Ruby provides multiple approaches for implementing Merge Sort, each with different trade-offs between clarity, performance, and memory usage. The standard implementation follows the classical recursive structure with explicit merge logic.

class MergeSort
  def self.sort(array, &comparator)
    comparator ||= ->(a, b) { a <=> b }
    merge_sort_recursive(array.dup, comparator)
  end
  
  private
  
  def self.merge_sort_recursive(array, comparator)
    return array if array.length <= 1
    
    mid = array.length / 2
    left = merge_sort_recursive(array[0...mid], comparator)
    right = merge_sort_recursive(array[mid..-1], comparator)
    
    merge(left, right, comparator)
  end
  
  def self.merge(left, right, comparator)
    result = []
    left_idx = 0
    right_idx = 0
    
    while left_idx < left.length && right_idx < right.length
      if comparator.call(left[left_idx], right[right_idx]) <= 0
        result << left[left_idx]
        left_idx += 1
      else
        result << right[right_idx]
        right_idx += 1
      end
    end
    
    result.concat(left[left_idx..-1]) if left_idx < left.length
    result.concat(right[right_idx..-1]) if right_idx < right.length
    
    result
  end
end

# Usage with default comparison
numbers = [64, 34, 25, 12, 22, 11, 90]
sorted = MergeSort.sort(numbers)
# => [11, 12, 22, 25, 34, 64, 90]

# Custom comparison for descending order
descending = MergeSort.sort(numbers) { |a, b| b <=> a }
# => [90, 64, 34, 25, 22, 12, 11]

The in-place variant reduces memory allocation by reusing a single temporary buffer across all merge operations. This approach requires passing buffer and index boundaries through the recursion:

class InPlaceMergeSort
  def self.sort(array)
    return array if array.length <= 1
    temp = Array.new(array.length)
    merge_sort_helper(array, temp, 0, array.length - 1)
    array
  end
  
  private
  
  def self.merge_sort_helper(array, temp, left, right)
    return if left >= right
    
    mid = (left + right) / 2
    merge_sort_helper(array, temp, left, mid)
    merge_sort_helper(array, temp, mid + 1, right)
    merge_inplace(array, temp, left, mid, right)
  end
  
  def self.merge_inplace(array, temp, left, mid, right)
    left_idx = left
    right_idx = mid + 1
    temp_idx = left
    
    while left_idx <= mid && right_idx <= right
      if array[left_idx] <= array[right_idx]
        temp[temp_idx] = array[left_idx]
        left_idx += 1
      else
        temp[temp_idx] = array[right_idx]
        right_idx += 1
      end
      temp_idx += 1
    end
    
    while left_idx <= mid
      temp[temp_idx] = array[left_idx]
      left_idx += 1
      temp_idx += 1
    end
    
    while right_idx <= right
      temp[temp_idx] = array[right_idx]
      right_idx += 1
      temp_idx += 1
    end
    
    (left..right).each { |i| array[i] = temp[i] }
  end
end

Sorting custom objects requires defining comparison logic. Ruby objects can implement the <=> operator or provide comparison blocks:

class Person
  include Comparable
  attr_reader :name, :age
  
  def initialize(name, age)
    @name = name
    @age = age
  end
  
  def <=>(other)
    age <=> other.age
  end
  
  def to_s
    "#{name}(#{age})"
  end
end

people = [
  Person.new("Alice", 30),
  Person.new("Bob", 25),
  Person.new("Carol", 35),
  Person.new("Dave", 25)
]

# Sort by age (default comparison)
by_age = MergeSort.sort(people)
# => [Bob(25), Dave(25), Alice(30), Carol(35)]
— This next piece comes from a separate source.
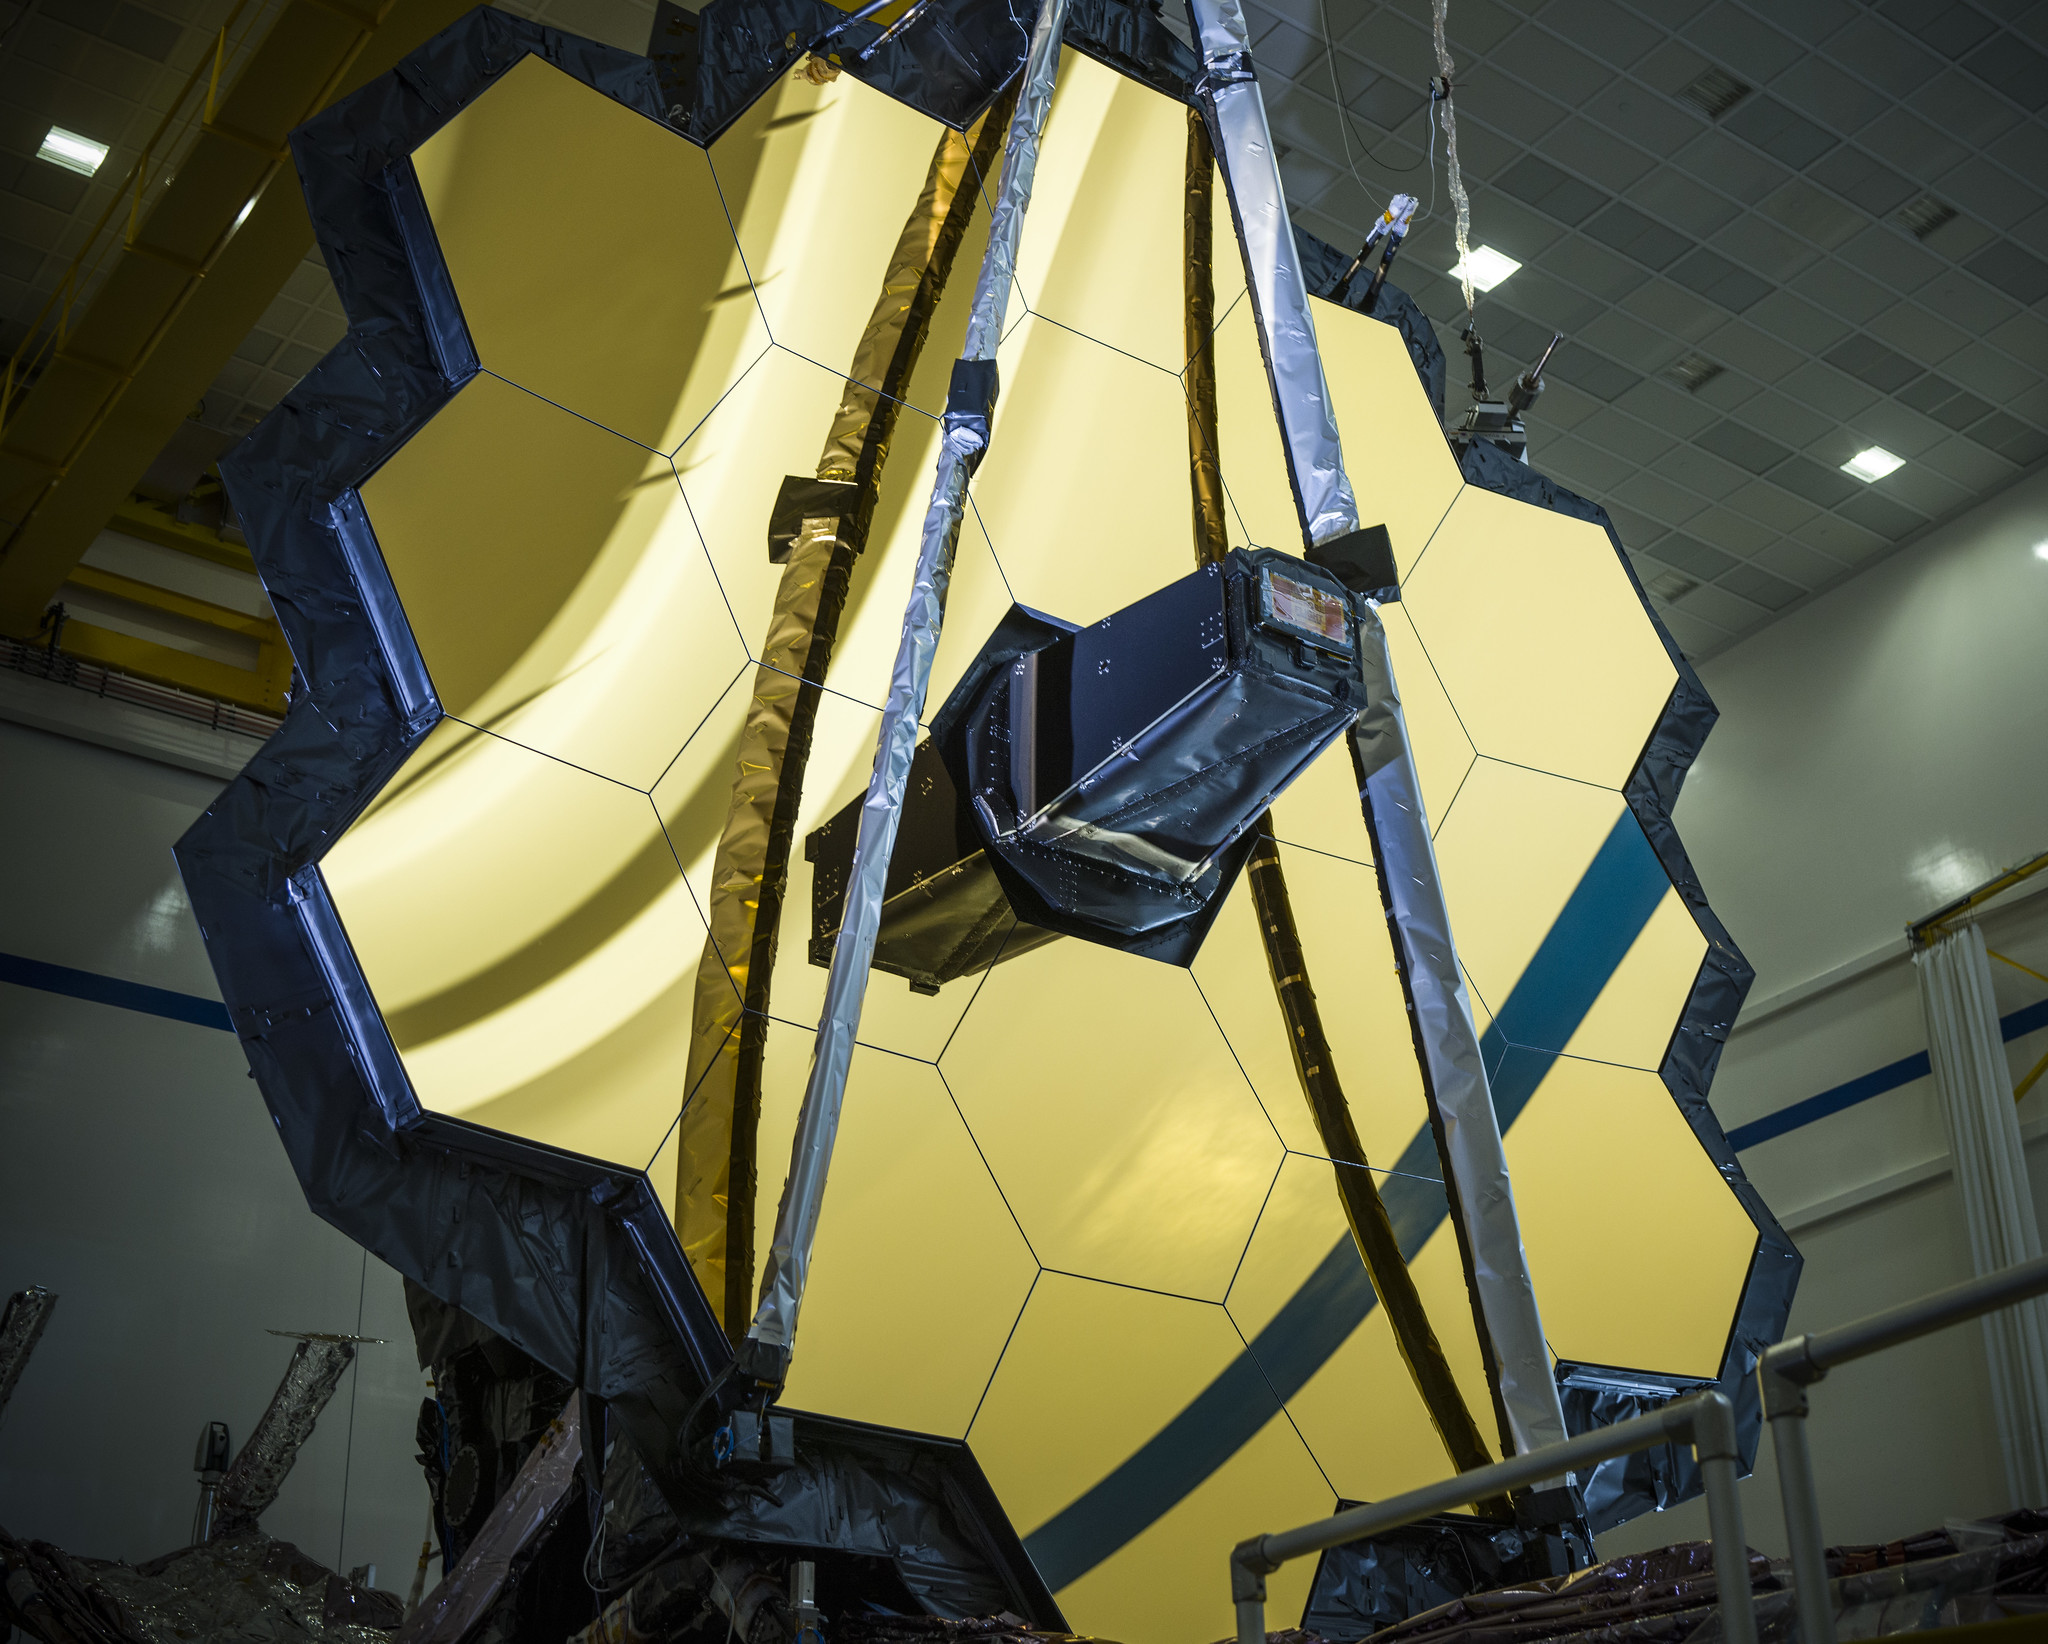 An image of the James Webb Space Telescope taken on March 5, 2020.

# Sort by name using custom comparator
by_name = MergeSort.sort(people) { |a, b| a.name <=> b.name }
# => [Alice(30), Bob(25), Carol(35), Dave(25)]

The iterative implementation eliminates recursion overhead by processing subarrays bottom-up. This approach merges adjacent pairs at each level before proceeding to larger groupings:

class IterativeMergeSort
  def self.sort(array)
    return array if array.length <= 1
    result = array.dup
    temp = Array.new(array.length)
    
    size = 1
    while size < array.length
      left = 0
      while left < array.length
        mid = [left + size - 1, array.length - 1].min
        right = [left + 2 * size - 1, array.length - 1].min
        
        merge_iterative(result, temp, left, mid, right) if mid < right
        left += 2 * size
      end
      size *= 2
    end
    
    result
  end
  
  private
  
  def self.merge_iterative(array, temp, left, mid, right)
    i = left
    j = mid + 1
    k = left
    
    while i <= mid && j <= right
      if array[i] <= array[j]
        temp[k] = array[i]
        i += 1
      else
        temp[k] = array[j]
        j += 1
      end
      k += 1
    end
    
    while i <= mid
      temp[k] = array[i]
      i += 1
      k += 1
    end
    
    while j <= right
      temp[k] = array[j]
      j += 1
      k += 1
    end
    
    (left..right).each { |idx| array[idx] = temp[idx] }
  end
end

Ruby's Array class provides sort and sort_by methods implemented in C for performance, but understanding Merge Sort implementation remains valuable for custom sorting requirements and educational purposes.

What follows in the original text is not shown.